(Beginning of Records for the exercise)
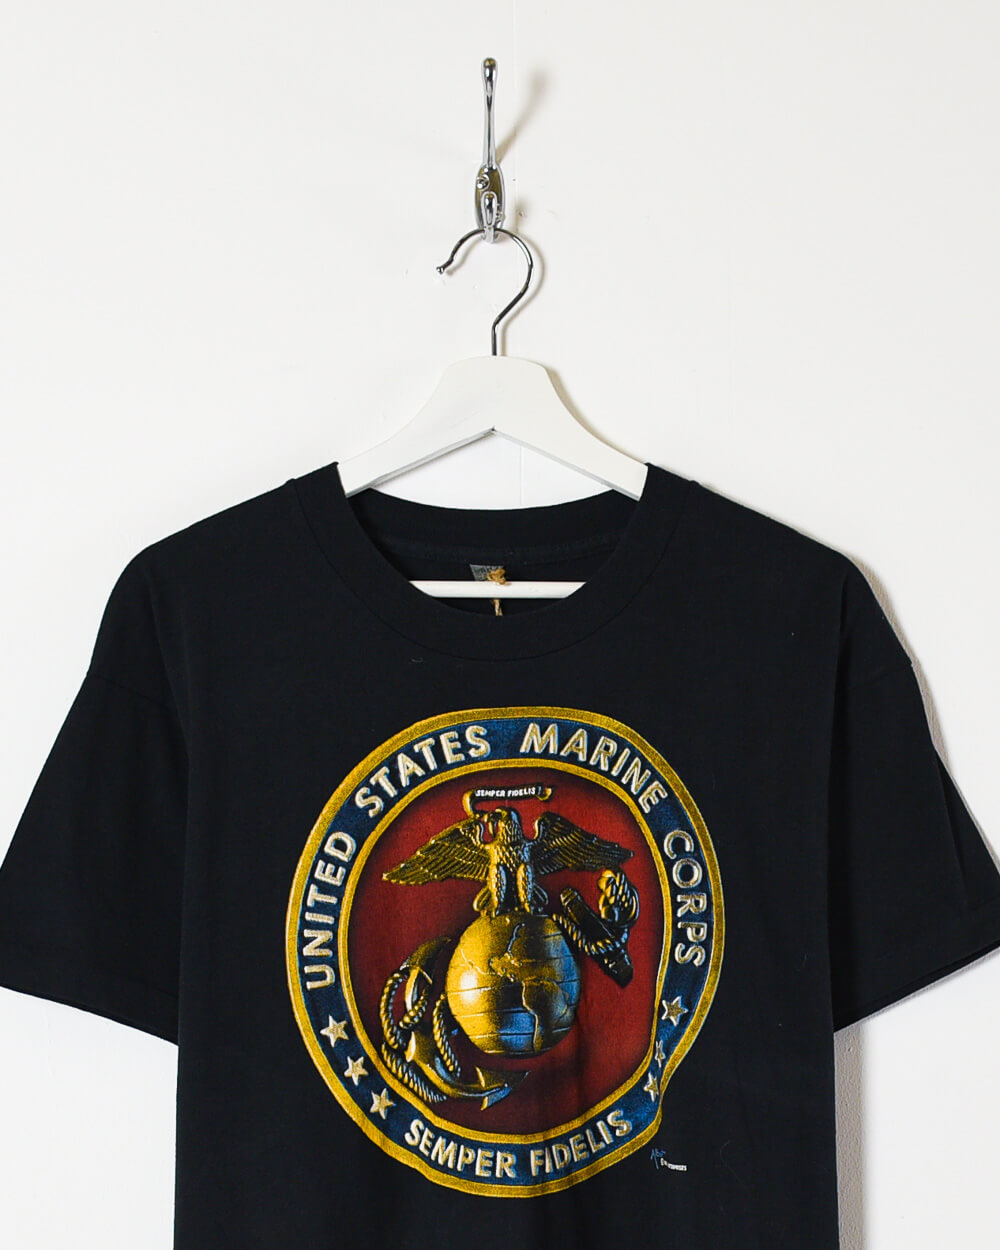 Black Semper Fidelis United States Marine Corps T-Shirt - Small
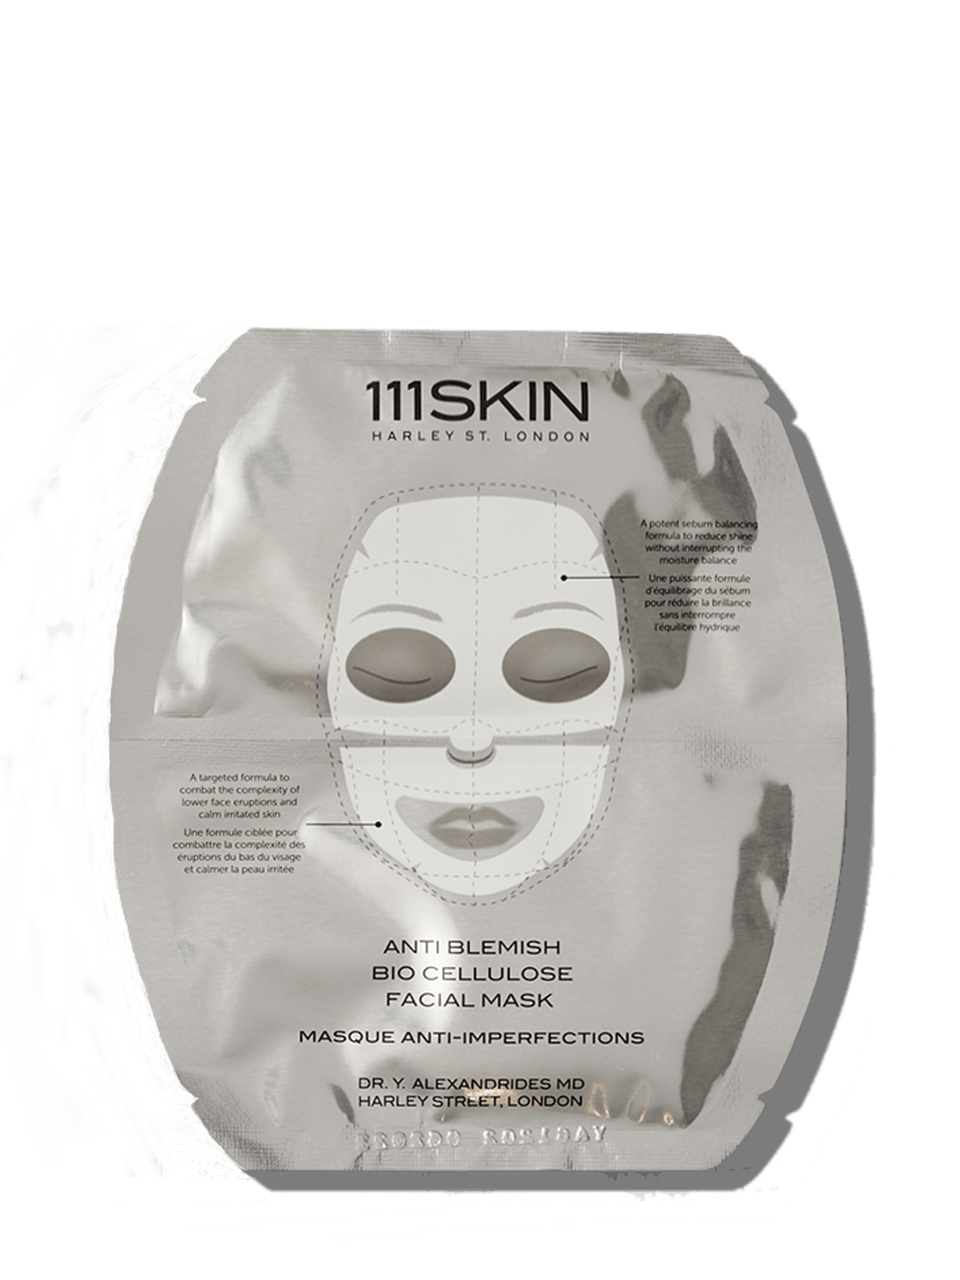 Anti Blemish Bio Cellulose Facial Mask SKINCARE 111Skin 1 
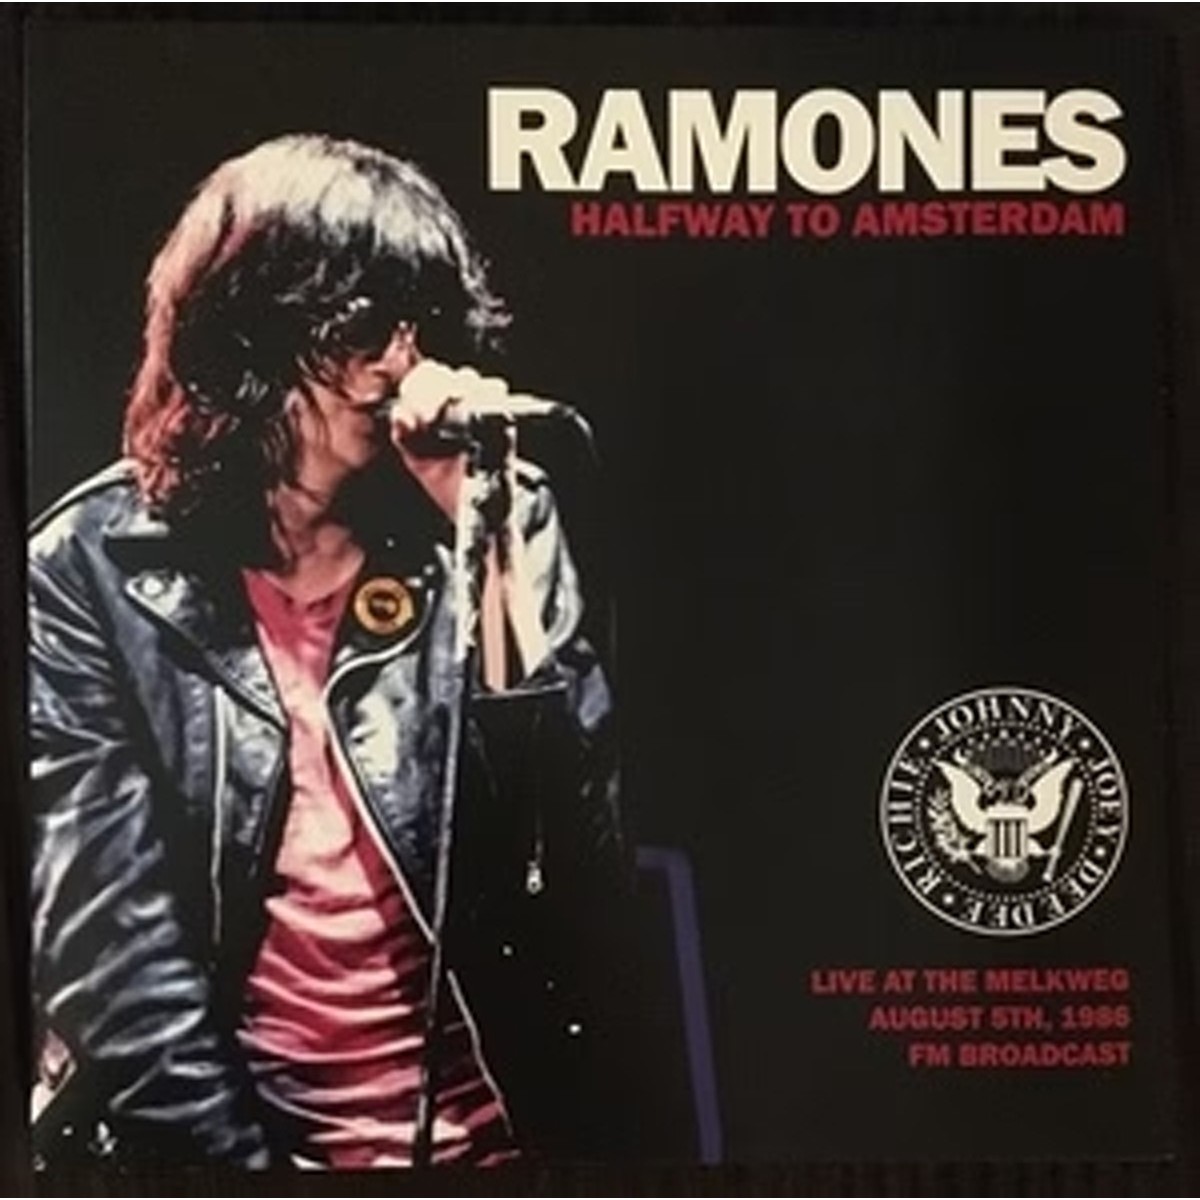 Ramones - Halfway To Amsterdam: Live At The Melkweg, August 5th, 1986 - Fm Broadcast
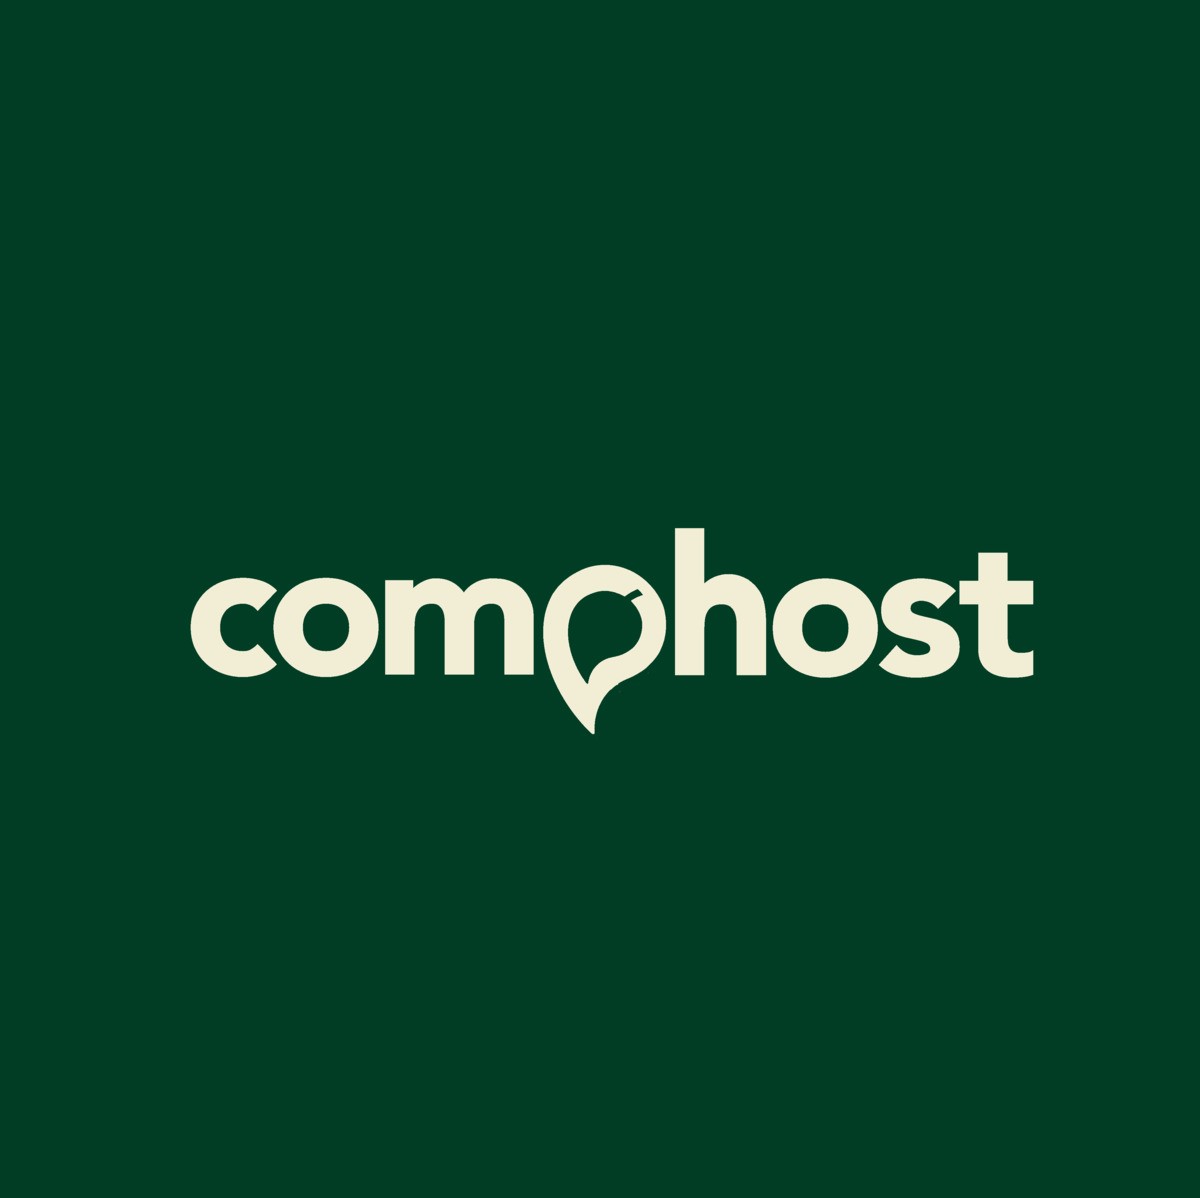 CompHost
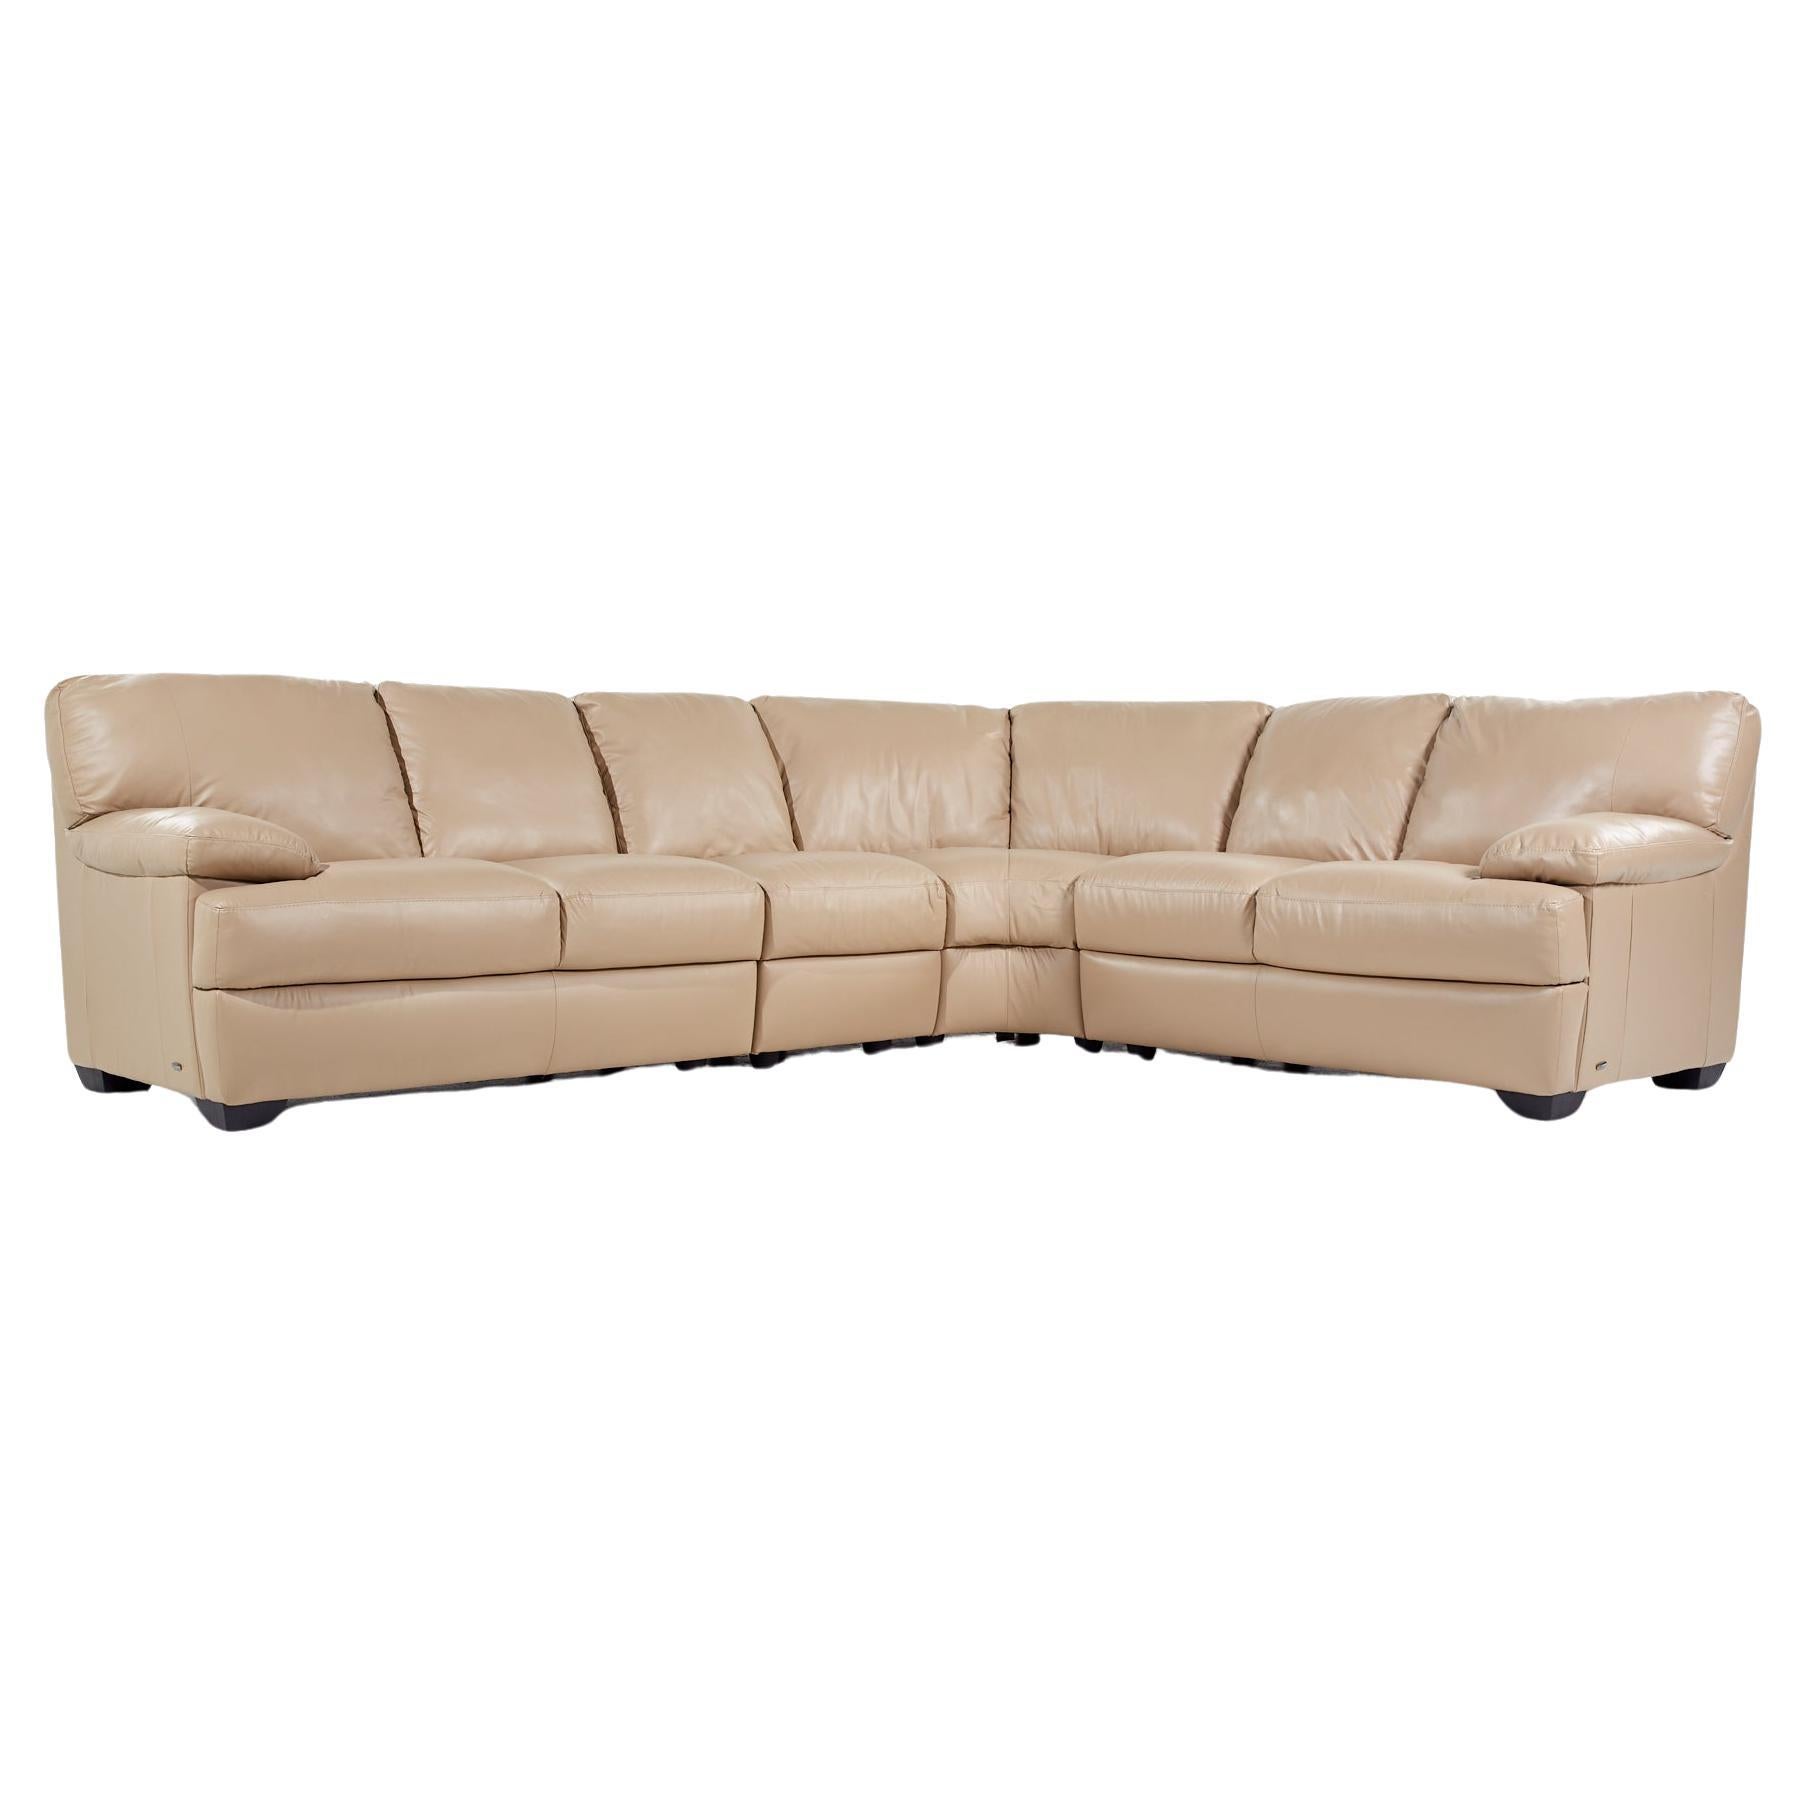 Natuzzi Leather Sectional Sofa For Sale
(End of Records for the exercise)
- Try it
The listing above should be transcribed word for word, with its pictures left out.

- Response box
 Black Semper Fidelis United States Marine Corps T-Shirt - Small
 Anti Blemish Bio Cellulose Facial Mask SKINCARE 111Skin 1 
 Ramones - Halfway To Amsterdam: Live At The Melkweg, August 5th, 1986 - Fm Broadcast
 CompHost
 Natuzzi Leather Sectional Sofa For Sale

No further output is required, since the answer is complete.